If you Google the term data
dictionary, you will get nearly a hundred or more results of definitions
that generally mean the same thing. A data dictionary is data about data. It is
what defines the items in your database/s and can be looked to for definitions,
structures, use, allowable content, and sometimes business rules associated
with the data. It is THE roadmap to data in your database.
I was recently asked the question: Does the ROI on the data
dictionary that my organization religiously maintains justify its cost? I
answered with a resounding yes! Then I thought, why would anyone ask that
question? After all, arent the inherent benefits of a well-thought out and
maintained data dictionary obvious to all? Perhaps not if the question is being
raised.
Having spent a number of years of my career on the
database/applications development side of the house, a data dictionary has
significant meaning to me. Not only do I know what it is, but I know how
important it is to an organization and how difficult life can be without one
when you need to combine data from multiple sources.
Based on the above, you might conclude that a data
dictionary:
- Is common sense
- Is important
- Is worth the effort to create and maintain
- Is part of every organization
Based on these assumptions, you might be surprised at how
many organizations do not have data dictionaries, do not staff a dedicated data
administration/metadata management team, do not update existing ones (they were
created at the time an application was built), or depend on the knowledge of
one or more individuals to maintain this information about the data in their
heads as institutional knowledge.
So whats the big deal with data dictionaries if so many
organizations forgo them?
The big deal is the value that they bring when you have to
share data, whether internally or across organizations. Having one makes life
so much easier, while not having one can result in chaos and misinformation.

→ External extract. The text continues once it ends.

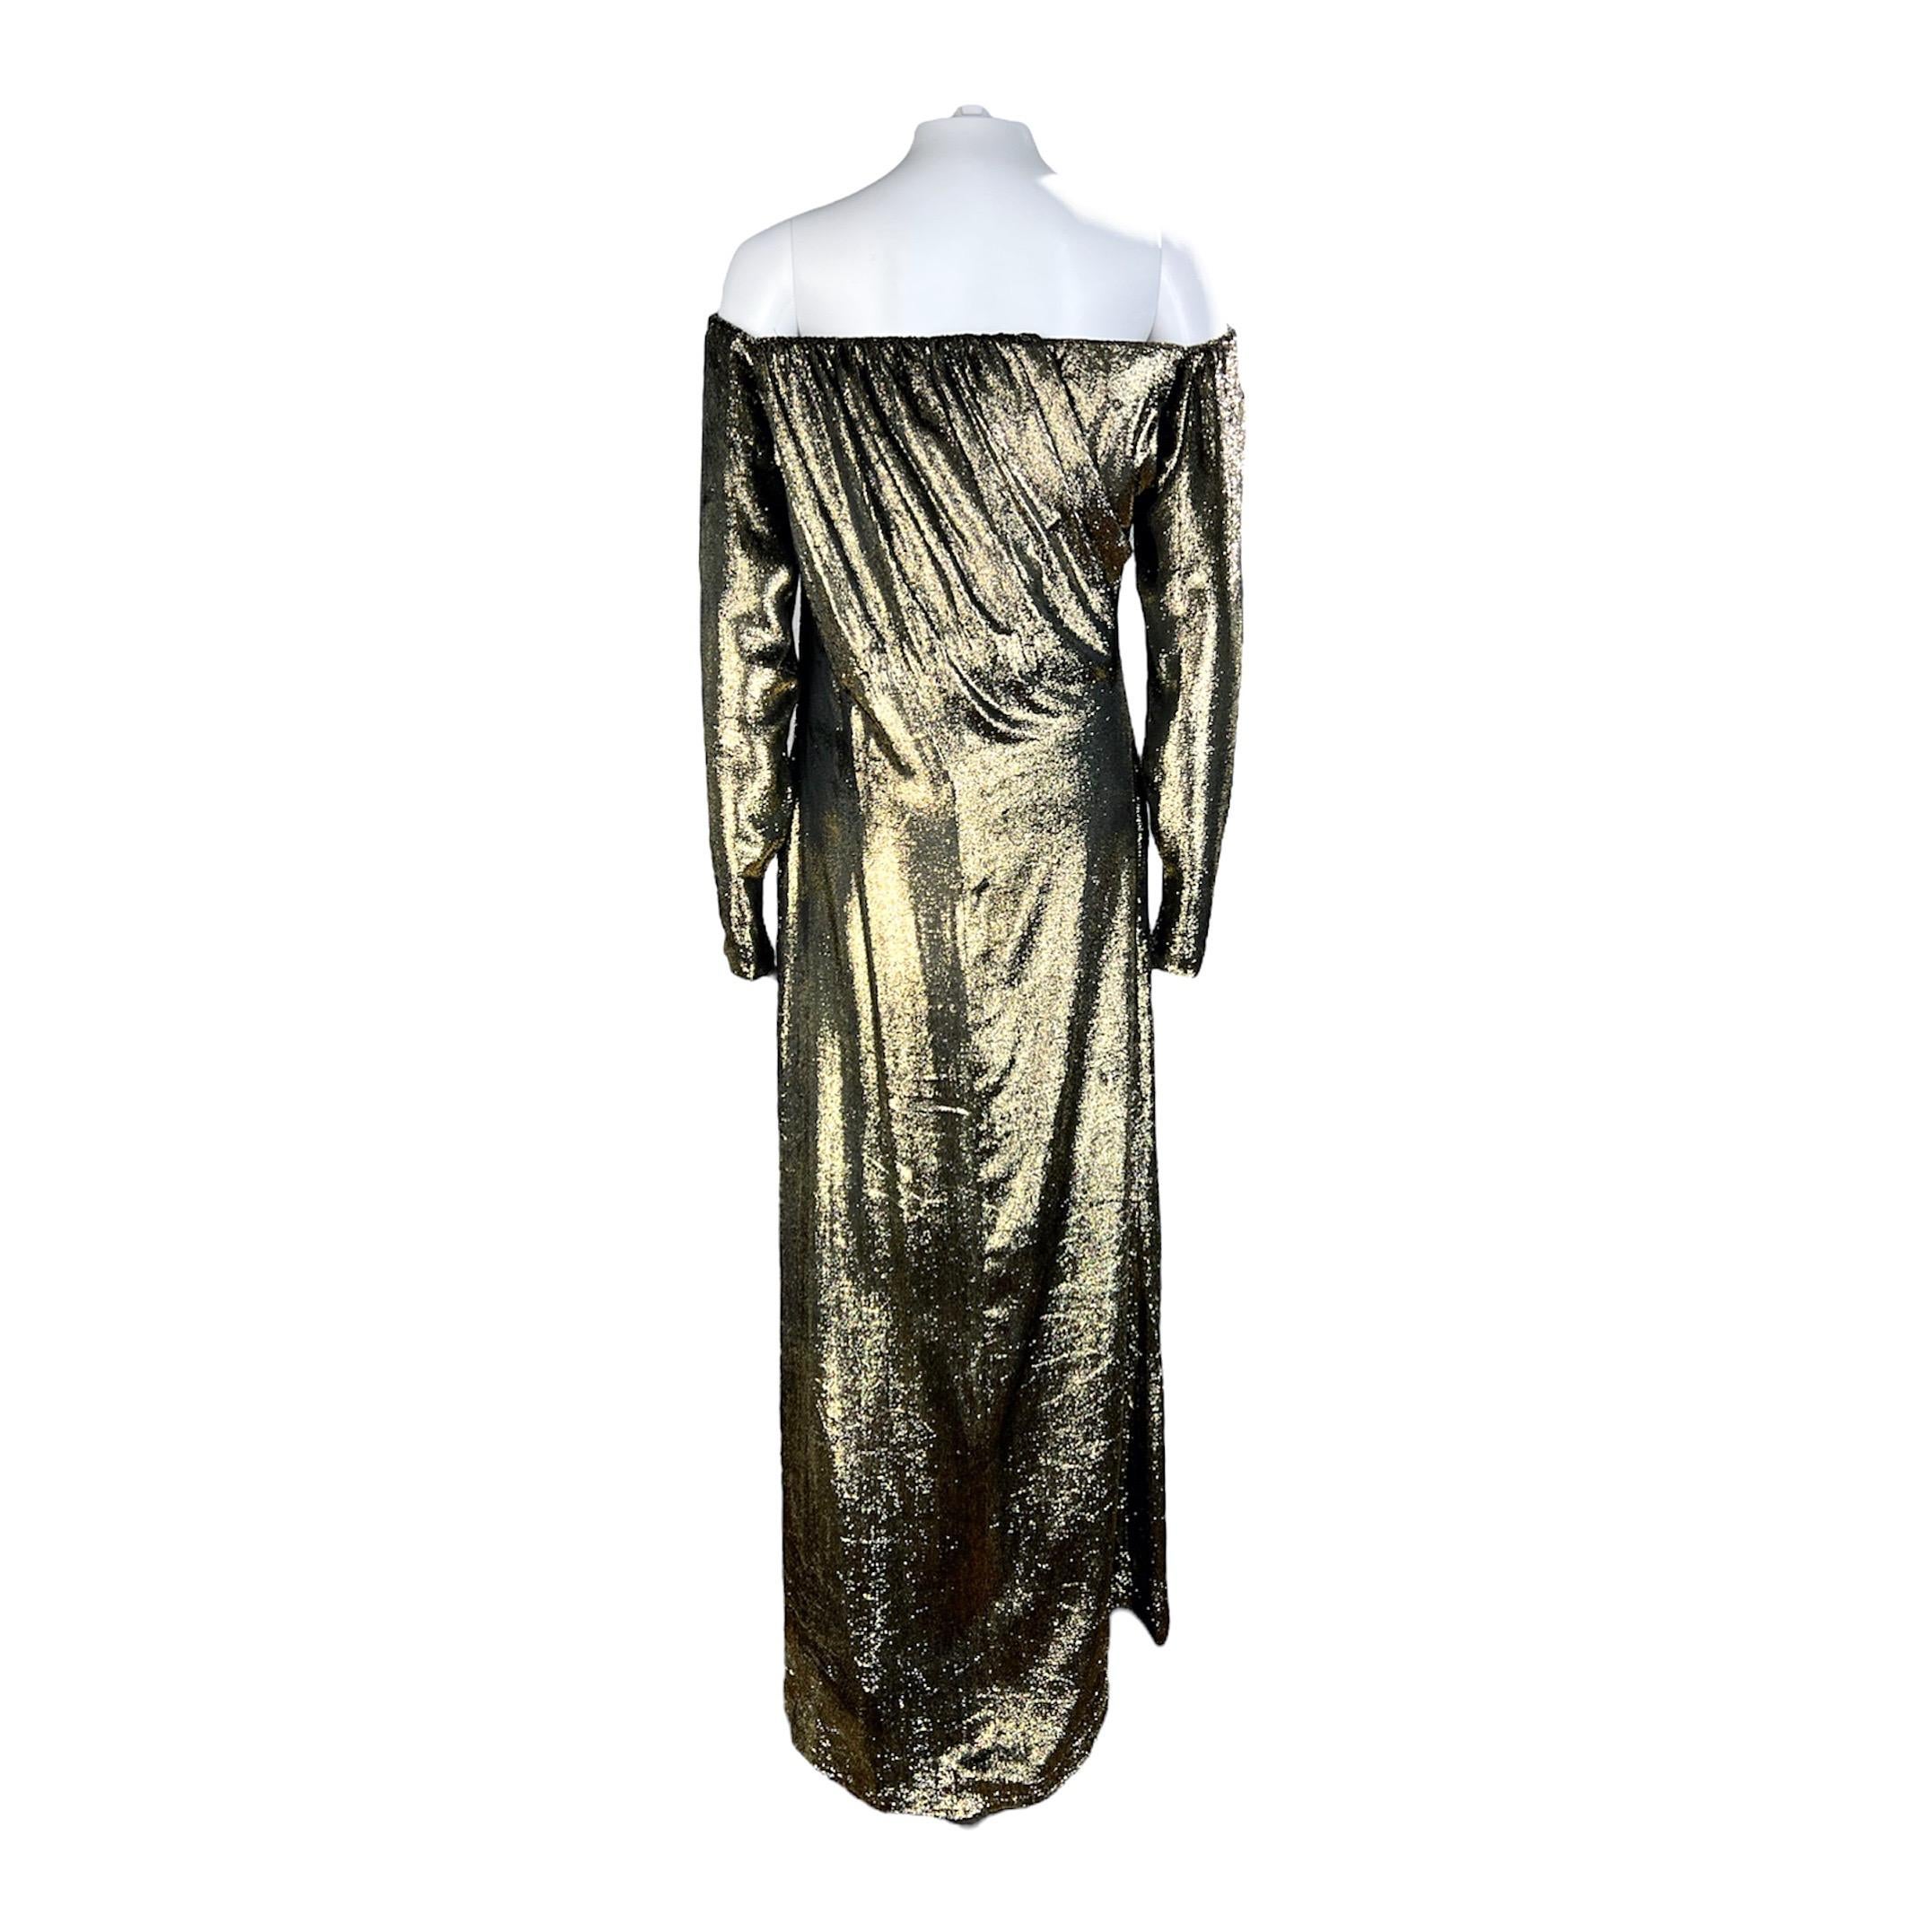 Yves Saint Laurent Spring 1989 Gown In Excellent Condition For Sale In Brooklyn, NY

Imagine this situation: Organization O has three
departments. The role of organization O is to collect information about Air
Quality so that it can make rulings, set standards, and influence legislation
concerning the quality of air in the environment. Department A in the
organization is responsible for monitoring outdoor air quality. Department B is
responsible for monitoring air quality in indoor environments, while Department
C is responsible for monitoring air quality underground, such as in mines and
sewers.
Each department is made up of brilliant scientists who are
extremely familiar with the chemistry of air. All the scientists are not
necessarily from the same disciplines, but all KNOW air. Now these scientists
begin to construct spreadsheets and databases to capture and manipulate data
about air quality. What do you think the odds are that in each and every
spreadsheet and database that is created, the terminology used to name the
fields is the same? Probably moderately high. Now what are the odds that these fields
with the same names across databases are defined the same and capture data in
the same way? Thats right pretty low. Now, try to combine the data from the
disparate databases in the three departments into a data warehouse or central
repository so that you can do statistics using a larger data set, and boy, do
you have trouble (and a lot of work on your hands).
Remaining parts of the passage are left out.